Здесь мысли Наташи обрывались, дальше была пустота.
— От областного комитета партии слово имеет Субботин Иван Михайлович, — донесся голос Кружилина.
Субботин, высушенный временем, белоголовый мужчина, почти старик, заговорил тихо, печально. Наташа внимательно слушала, надеясь и ожидая, что зияющая пустота перед ней исчезнет. Но она не исчезала.
— …Жизнь устроена пока дьявольски сложно и трудно, порой жестоко… Ты, Антон Силантьевич, обладал даром сквозь эти сложности и трудности видеть и понимать истинные начала жизни с ее извечным светом справедливости, радости и счастья…
Да, жизнь трудная и жестокая, уж она-то знает, снова подумала Наташа. А где эти истинные начала жизни с ее извечным светом справедливости, радости и счастья? Красивые слова, и она даже как-то верит в них. Верит, но не видит этих начал. И не раз задавала она себе остающийся без ответа вопрос: для чего в таком случае живет человек?
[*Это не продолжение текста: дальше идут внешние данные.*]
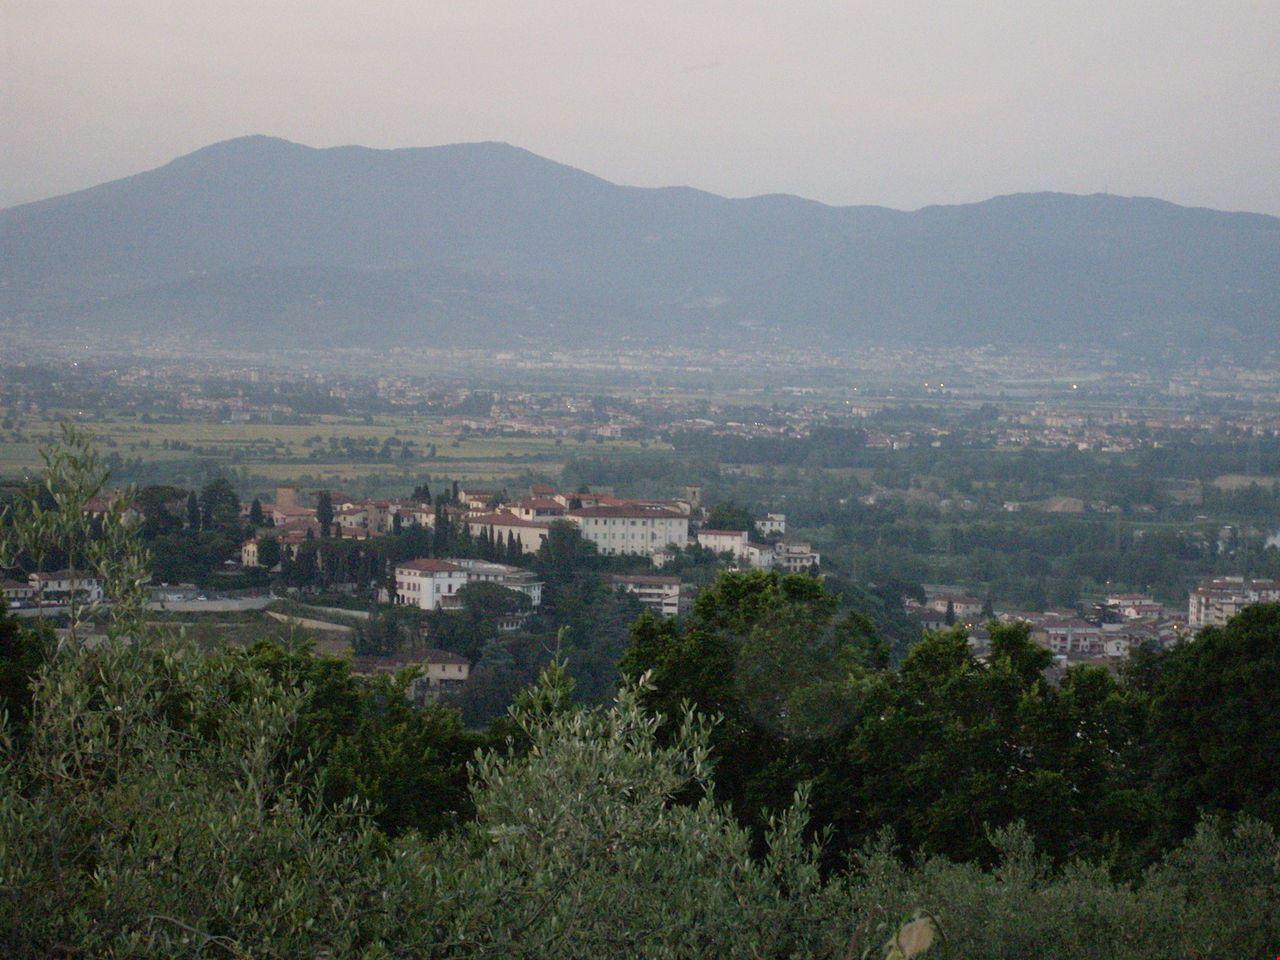 1280px-Veduta_del_Castello_di_Signa_da_Villa_Bellosguardo

А Субботин будто угадал ее мысли и спросил, словно в насмешку:
— Где же эти начала? Многим, очень многим, к сожалению, их не видно. Где они?
Наташа вздрогнула и еще крепче уцепилась за оградку.
— А они — в самом человеке. Они — в каждом человеке. Но многие не понимают этого или долго-долго не могут понять. Что ж, видно, несовершенен пока человеческий мозг. Отсюда и несчастья, и трагедии, отсюда много порой горя…
Слова его падали в пустоту перед Наташей, заполняя ее будто чем-то осязаемым.
— …И когда говорят, что ты, Антон Силантьевич, знал, зачем жил, то это очень просто: ты жил, чтобы помогать жить другим, помогать людям увидеть в себе эти истинные начала жизни…
Наташа качнулась, постояла еще возле оградки и пошла, наклонив голову.
Люди думали, что она плачет, безмолвно расступались перед ней.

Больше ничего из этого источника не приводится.